Несколько стекол разбились, мужчины просовывали сквозь решетки руки, сжимали кулаки, истошно кричали. Больничный корпус был огромной клеткой, в которой заживо сгорали люди.
Алексей заметил в окне черноволосую женщину, которая днем поведала историю своей любви к президенту Виктору Долголетову. Она трясла решетку, грызла ее зубами, билась об нее головой. Там же появлялась и исчезала оплывшая жиром пациентка, которую мучили приступы похоти. Мужчины сквозь верхние разбитые окна голосили. Тот, что мнил себя председателем избирательной комиссии, пытался протиснуть голову сквозь тесные прутья:
— Тихон Тихонович! Мне здесь нельзя оставаться! Тихон Тихонович, у меня не полный комплект!
Алексей пытался пробиться к дверям сквозь белый жар, но сухой огненный воздух обжигал лицо, опалял ресницы и брови. Одежда начинала дымиться, и казалось, волосы превращаются в факел. Он всматривался в крайнее окно верхнего этажа, надеясь увидеть там большелобое лицо поэта. Но окно было пустым. Должно быть, Юрий Кузнецов, оглушенный снотворным, находился в тубоком забытьи. Вместе с ним сгорали приборы, капельницы, диктофон, и толстая тетрадка с отрывками райской поэмы. Мелькнула мысль — вот так же исчезали в огне и навеки утрачивались античные пергаменты и папирусы Александрийской библиотеки, староверческие свитки и книги Соловецкого монастыря. Райские откровения поэта-боговидца пожирала геенна огненная.

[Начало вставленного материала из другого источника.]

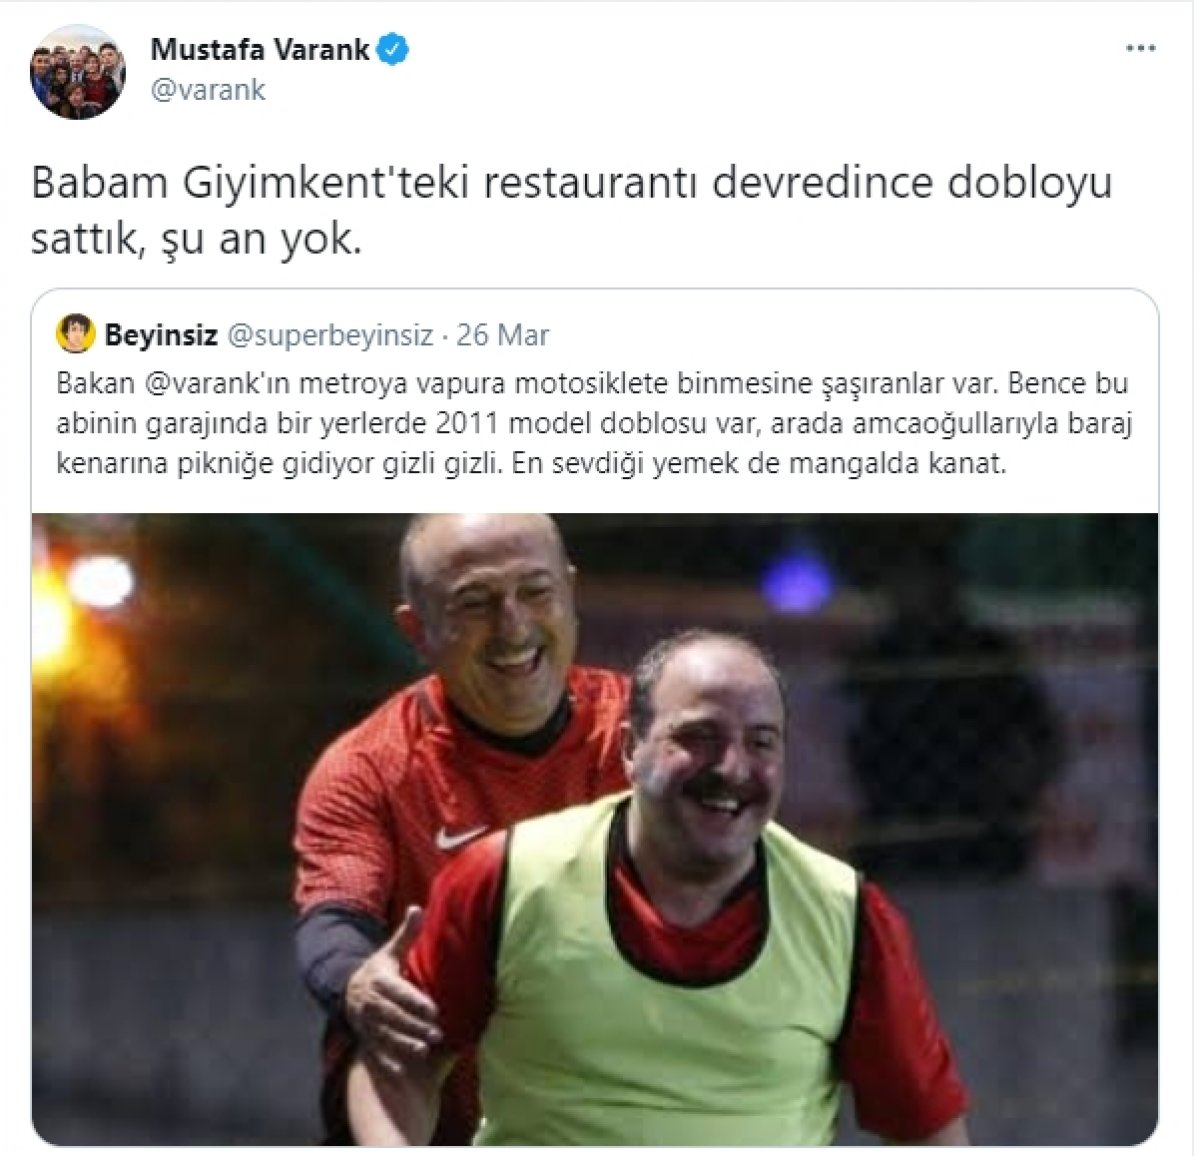 Sanayi ve Teknoloji Bakanı Mustafa Varank tan doblo esprisi #1

С воем, расшвыривая фиолетовые вспышки, к корпусу подлетели три пожарных машины. Пожарные в касках, в асбестовых робах, разматывали рукава, свинчивали шланги, начинали тянуть к горящей крыше стальные лестницы. И уже хлестали красные слюдяные фонтаны, превращались в пар, не долетая до крыши.
Пожарный, заслоняясь локтем от пламени, боком приблизился к зданию, зацепил крюк за решетку, набросил петлю на корму машины. Та попятилась, вырывая решетку с мясом. Из окна стали выпрыгивать полуголые женщины, падали на землю, поднимались, с визгом бежали прочь в заросли в белых ночных рубашках. Черноволосая женщина с открытой грудью, с развеянными волосами, выбросилась из окна. Вскочила и пропала в лопухах и крапиве.
Дом ревел голосами, звенел разбивавшимися стеклами. Входную дверь вскрыли, и пожарные кидались в багровый дым, выносили на руках задохнувшихся пациентов.
Алексей увидел, как в крайнем окне второго этажа появилось знакомое лицо. Юрий Кузнецов встал на подоконник, в рост, ухватился кулаками за решетку, молча, жадно смотрел наружу, словно кого-то искал, от кого-то ждал избавления.
— Лестницу туда! — Алексей схватил пробегавшего мимо пожарного. — Там великий поэт, надежда России! — Пожарный зло ругнулся в ответ, протащил мимо тяжелый от воды шланг.
Ужасно затрещало. Крышу повело. Из-под нее встали два красных столба, и она просела, провалилась, сплющила верхний этаж. На землю стали падать горящие кругляки, пылающие бревна, крики почти затихли.
Подкатывали одна за другой кареты «Скорой помощи», на носилки клали обгорелых, слабо шевелящихся людей. Пожарные выносили на руках детей. Какой-то безумец в горящем халате, высоко подпрыгивая, убегал по аллее. Главврач, неизвестно откуда возникший, смотрел на пожар, скрестив на груди руки, словно молился огненному алтарю, на котором догорала «жертва всесожжения».
Алексей чувствовал, как горит на руке ожог. Повернулся и побрел наугад сквозь заросли. Слышал за спиной вопли пожарных, шипение ударявшей в огонь воды.